İlhan Toprak
06 Janvier 2016•Mise à jour: 07 Janvier 2016
AA - Ankara - Tuncay Çakmak
Le Président de la République de Turquie, Recep Tayyip Erdogan, a annoncé que plus de trois mille terroristes ont été éliminés lors des opérations menées en 2015 .
Erdogan s’est exprimé, mercredi, lors de sa rencontre traditionnelle avec les maires de quartiers et de villages provenant de différentes provinces de Turquie.
"L'an passé, à travers nos opérations antiterroristes en Turquie et au delà de nos frontières, 3 100 terroristes ont été éliminés. Dans la même période, nous avons perdu 300 agents de nos forces de sécurité", a-t-il déclaré.
Le président turc a très sévèrement dénoncé la politique du Parti Démocratique des Peuples (HDP) en faveur des actions terroristes du PKK.
«Ceux qui se servent de l’identité kurde pour combattre notre pays ne font pas de la politique, ils trahissent clairement ce peuple et ce pays», a-t-il dit.
«C’est tout d’abord une trahison envers nos frères kurdes, car ils sont une part indivisible et entière de cette nation», a-t-il poursuivi.
Tout en assurant que la Turquie a été très patiente, Erdogan a estimé impossible de qualifier de politique «les actions de ceux qui soutiennent les terroristes».
«Par principe, je suis opposé à la fermeture d’un parti politique, il ne faut même pas y songer. Cependant, si des hommes politiques ou des députés ont commis des crimes, ils doivent en rendre compte devant la justice, ce n’est pas le parti qui doit payer pour eux», a-t-il expliqué.
Il a rappelé encore que personne, député ou simple membre, ne doit échapper à la justice s'il s’est rendu coupable d’actes interdits par la loi.
«L’immunité parlementaire ne doit pas être utilisée pour camoufler des actions terroristes, elle doit être utilisée pour mieux servir les citoyens, a-t-il lancé. Le parlement et la justice doivent agir contre les députés qui agissent comme des membres d’une organisation terroriste.»
Le Président Erdogan est aussi revenu sur le projet de nouvelle constitution porté par le gouvernement.
Il a exprimé sa satisfaction de voir le Premier ministre Ahmet Davutoglu rencontrer l’opposition pour rechercher un consensus, tout en critiquant l’attitude de cette dernière.
«Nous devons nous débarrasser de cette constitution héritée du coup d’Etat militaire, a-t-il répété. J’espère que cette fois-ci nous y arriverons. Cependant, alors que nous sommes au début de ce laborieux travail, je ne comprends pas pourquoi les partis de l’opposition imposent des conditions. Ils disent vouloir une nouvelle constitution, alors pourquoi s’attache-t-ils à l’actuelle.»
Erdogan en a saisi l'occasion pour rappeler son opinion en faveur d’un système présidentiel, qui, à son avis, est le plus adapté à la Turquie.
Le chef de l’Etat turc est ensuite revenu sur les tensions au Moyen-Orient, particulièrement entre l’Arabie Saoudite et l’Iran.
"Encore une fois, le monde musulman fait face à un plan visant à provoquer l'affrontement entre chiites et sunnites. Il s'agit d'un plan mené par "une intelligence supérieure" qui veut diviser et affaiblir le monde musulman. Les provocations entre les divers courants de l'Islam est une des causes principales des situations en Syrie, en Irak, au Yémen et au Liban."
Erdogan a ouvertement dénoncé les attaques contre les représentations diplomatiques saoudiennes en Iran et en Irak.

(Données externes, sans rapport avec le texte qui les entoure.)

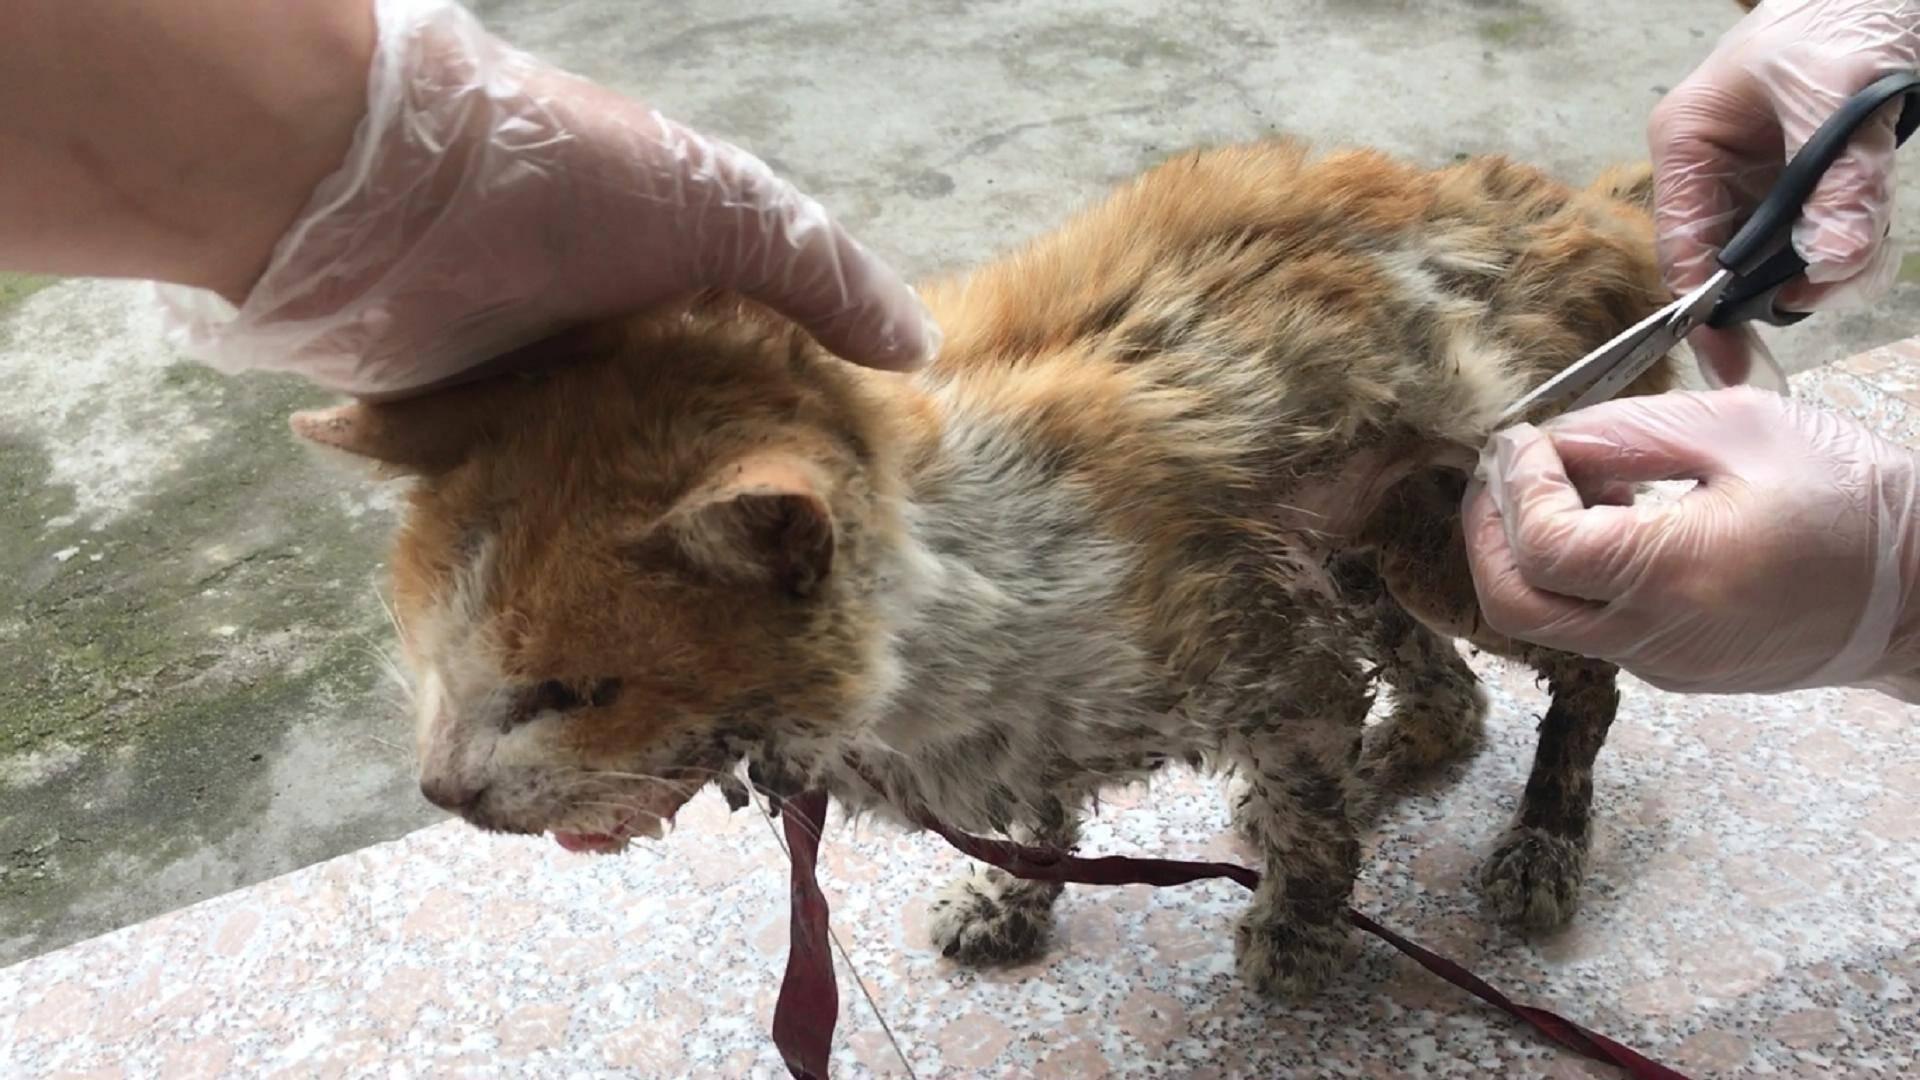 流浪猫:给猫咪剪掉打结的毛,再次给它清理伤口

«Nous, nous aimons de la même manière tous nos frères musulmans. Comment peut-on accepter que des ambassades soient attaquées en Irak et en Iran pour des motifs liés à la volonté de devenir une puissance régionale,» a-t-il dit.
Le Président turc a ensuite dénoncé les réactions contre les exécutions de 47 condamnés à mort en Arabie Saoudite, rappelant que 43 de ces personnes étaient sunnites, et critiquant le silence de la communauté internationale contre les exécutions en Egypte.
Pour finir, Erdogan a critiqué le soutien de l’Iran (sans le citer) au régime syrien, «responsable du massacre de 400 000 innocents».